De medewerking van Sewon tijdens de administratieve procedure

Argumenten van partijen

114.
    Verzoeksters betogen dat de Commissie punt C van de mededeling inzake medewerking heeft geschonden omdat zij hun niet de aanzienlijke vermindering van 50 tot 75 % van de geldboete heeft willen verlenen, maar slechts een vermindering van 50 % op grond van punt D van de mededeling.

115.
    Volgens hen heeft de Commissie ten onrechte de conclusie getrokken, dat Sewon niet voldeed aan de voorwaarde van punt B, sub d, van de mededeling inzake medewerking, waarnaar in punt C onder meer wordt verwezen, aangezien zij ervan uitgaat dat haar medewerking „niet volledig vrijwillig was”, terwijl zij, overeenkomstig het gestelde in deze bepaling, alle dienstige inlichtingen aan de Commissie had verstrekt en tijdens de gehele duur van het onderzoek haar voortdurende, volledige medewerking was blijven verlenen. Dat er bij Kyowa en ADM reeds verificaties waren verricht en dat aan Sewon een verzoek om inlichtingen was gezonden, is volgens verzoeksters irrelevant, aangezien noch in punt B, sub d, noch in punt C van de mededeling inzake medewerking wordt voorgeschreven dat de medewerking een aanvang moet nemen voordat er onderzoekshandelingen worden verricht.

116.
    Volgens verzoeksters is ook aan de tweede voorwaarde van bovengenoemd punt C voldaan: de informatie is namelijk verstrekt nadat een verificatie had plaatsgevonden, maar voordat de Commissie over voldoende bewijzen beschikte om een op een beschikking gerichte procedure in te leiden.

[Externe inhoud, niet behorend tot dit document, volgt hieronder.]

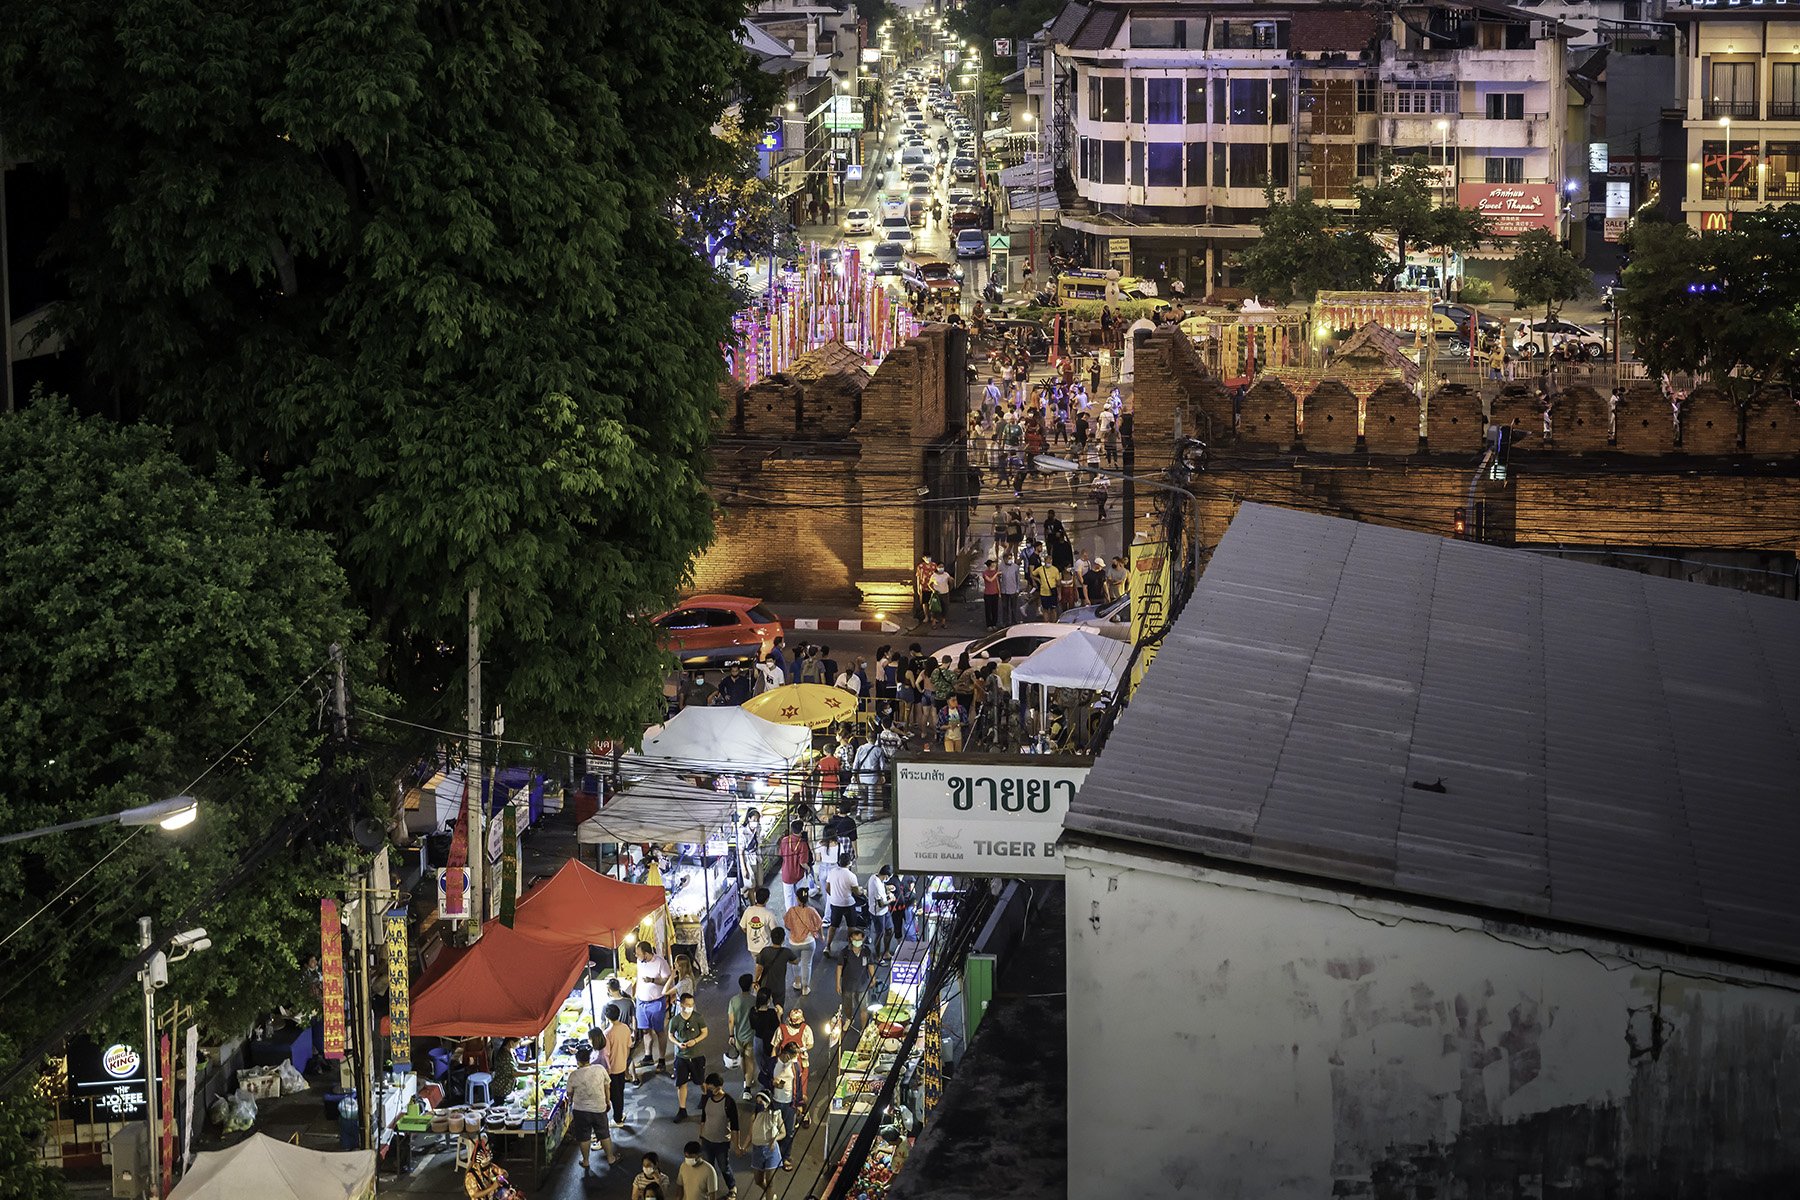 Busy night market at Tha Phae Gate, which marks the east entrance to the old walled city of Chiang Mai, Thailand.

De verificaties bij ADM en Kyowa hebben immers geen informatie over de tussen 1990 en 1992 gepleegde inbreuk aan het licht gebracht.

117.
    De Commissie stelt om te beginnen, dat Sewon weliswaar als eerste volledige en doorslaggevende bewijzen over de duur van het kartel heeft verstrekt, maar dat Ajinomoto als eerste bewijsmateriaal van doorslaggevend belang heeft verstrekt over de periode na de intrede van ADM op de markt.

118.
    Verder voldoet Sewon volgens haar niet aan de voorwaarde van punt B, sub d, van de mededeling inzake medewerking, omdat een medewerking slechts als „voortdurend en volledig” kan worden beschouwd, indien de onderneming uit eigen beweging, en niet, zoals in casu, na een verzoek om inlichtingen op grond van artikel 11 van verordening nr. 17, volledige bewijzen verstrekt. Deze uitlegging wordt bevestigd door het reeds aangehaalde arrest Cascades/Commissie.

119.
    Verder was er volgens de Commissie geen sprake van een situatie waarin zij na verificaties bij de deelnemers aan het kartel niet over voldoende gegevens beschikte om een procedure te kunnen inleiden.

120.
    Ten slotte zou aan Sewon, zelfs indien zij aan de voorwaarden van punt C van de mededeling inzake medewerking had voldaan, niet noodzakelijkerwijs een grotere vermindering zijn toegekend dan zij op grond van punt D van de mededeling heeft verkregen, namelijk 50 % van het bedrag van de geldboete die haar anders zou zijn opgelegd.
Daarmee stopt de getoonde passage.